» **What you are asked to do**: The required output is the line with "Ranched Waffles With" plus all lines that follow it to the end of the listing below, written out exactly, with no pictures.
**** Information supplied
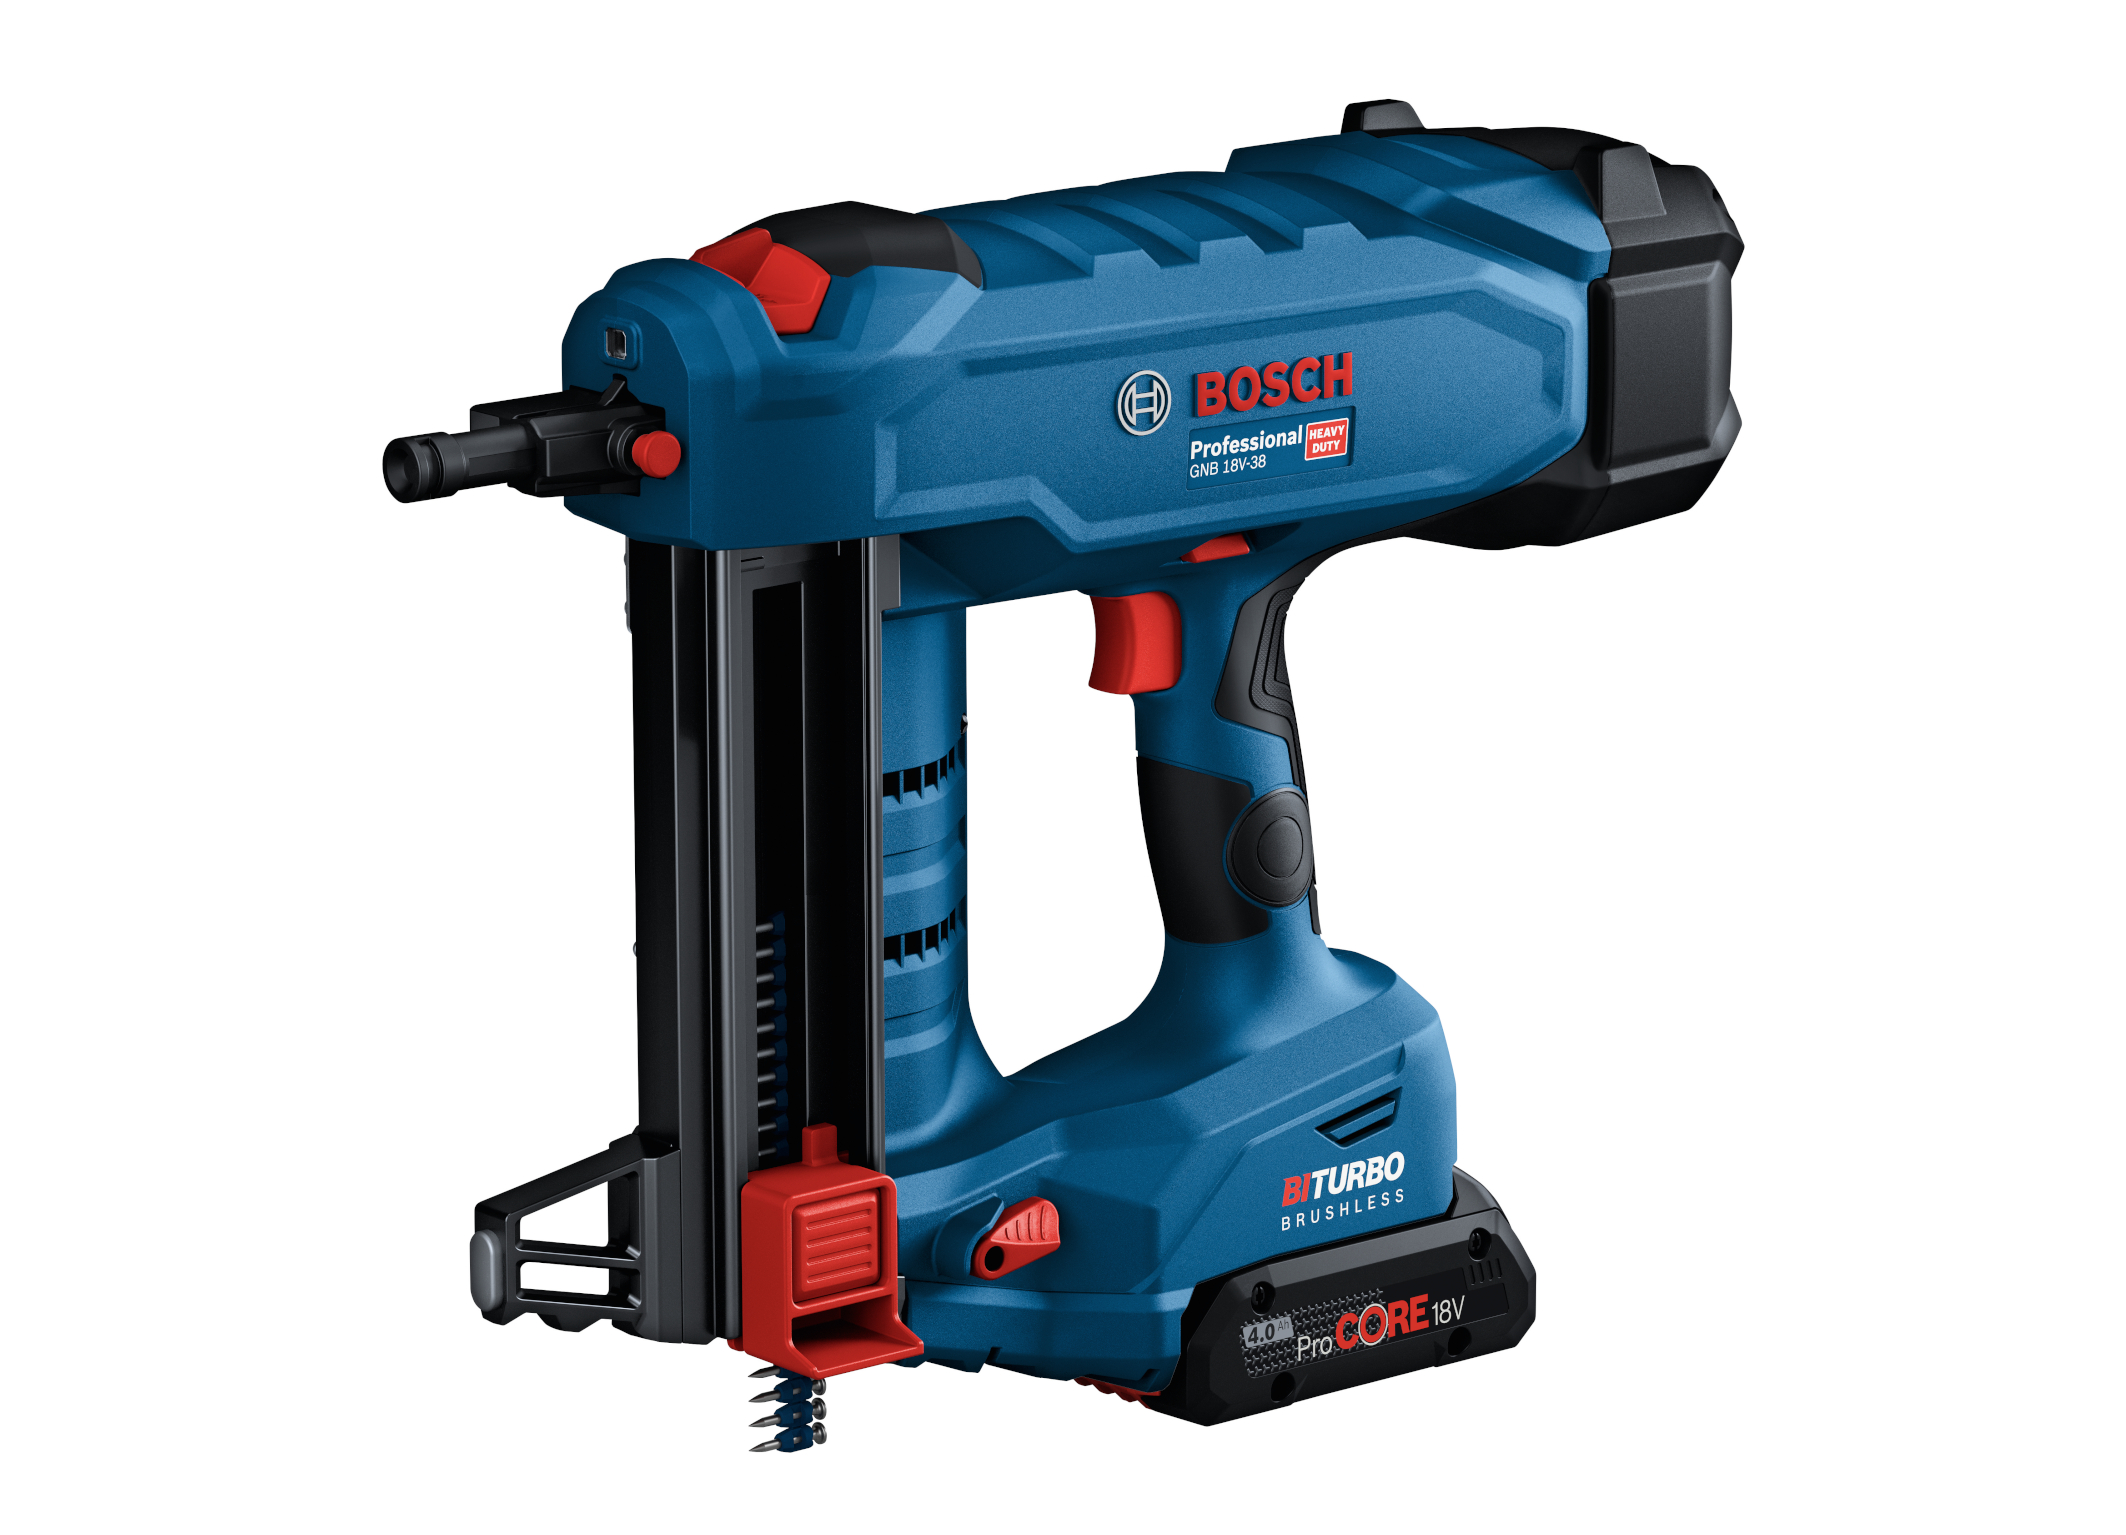 New to the Professional 18V System: First professional cordless
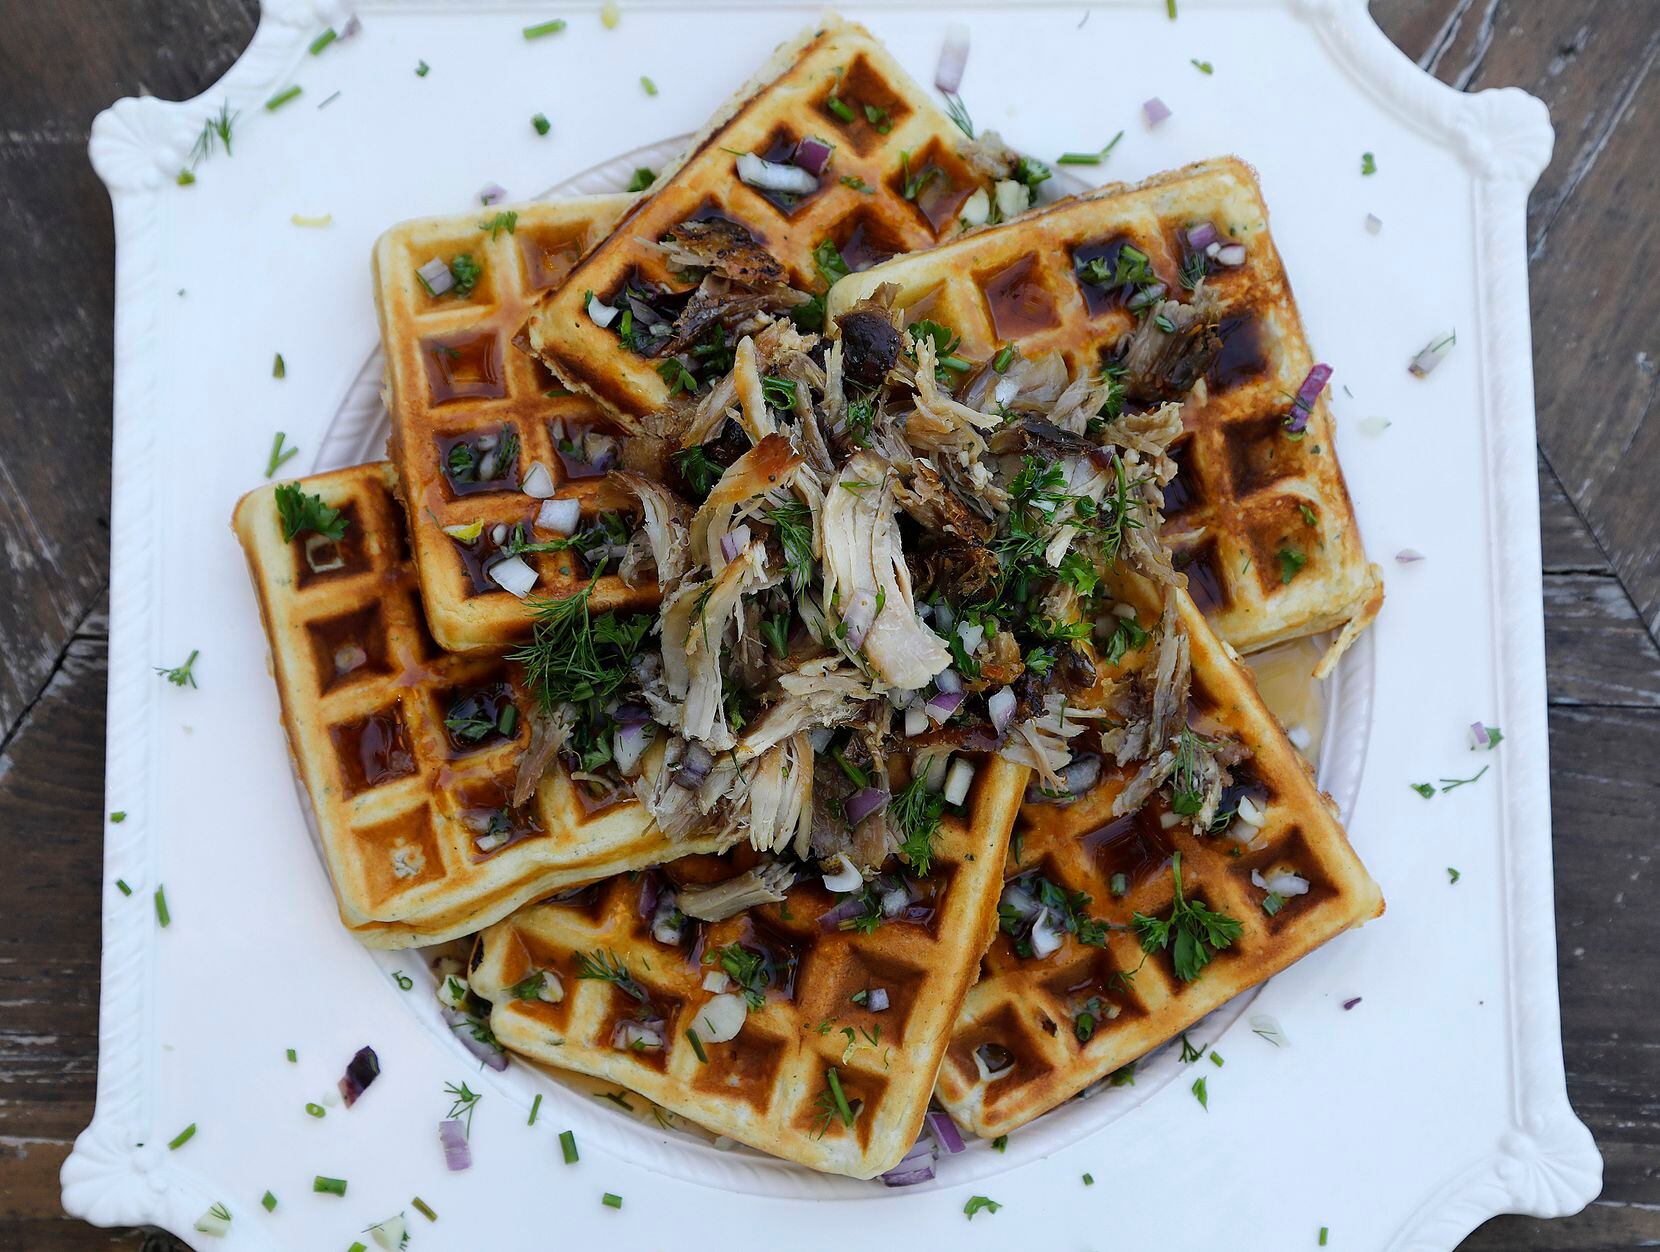 Ranched Waffles With Pulled Pork and Bourbon Maple Syrup (Stewart F. House/Special Contributor)
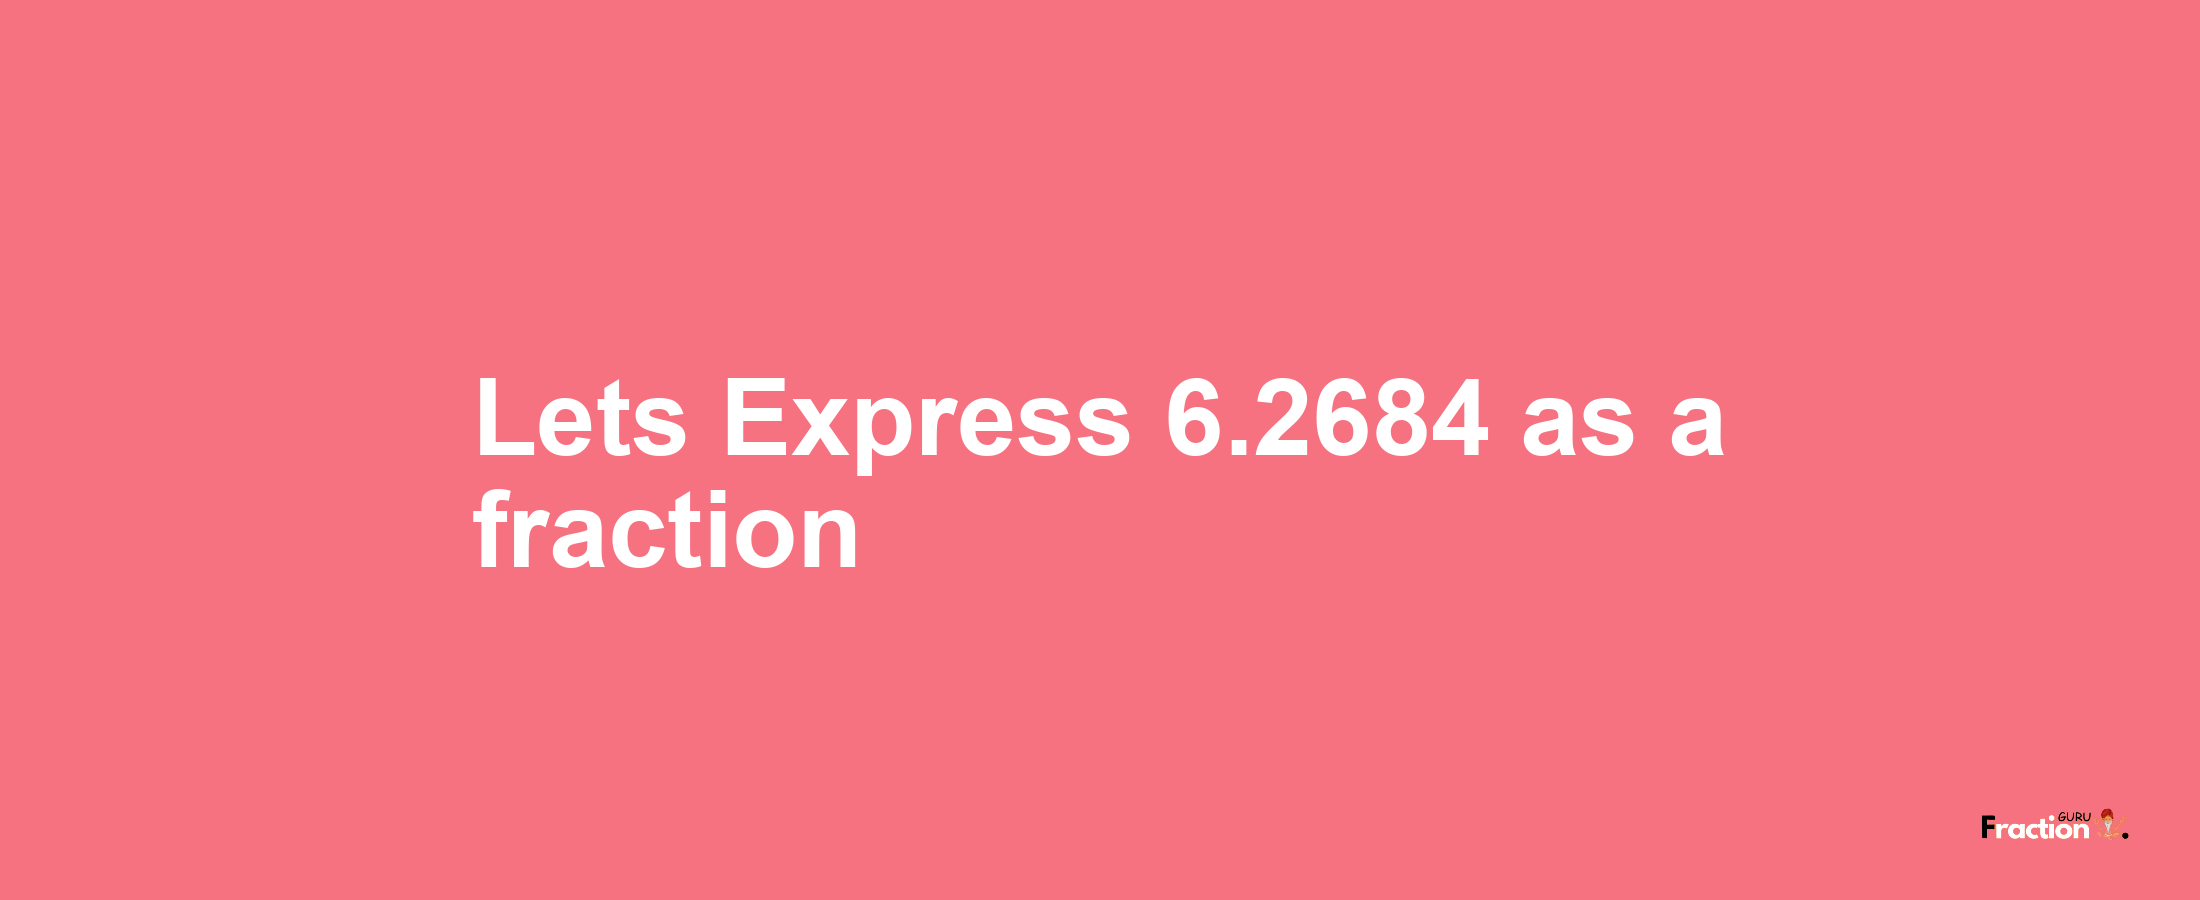 Lets Express 6.2684 as afraction
********
» **Solution to the problem**:
 Ranched Waffles With Pulled Pork and Bourbon Maple Syrup (Stewart F. House/Special Contributor)
 Lets Express 6.2684 as afraction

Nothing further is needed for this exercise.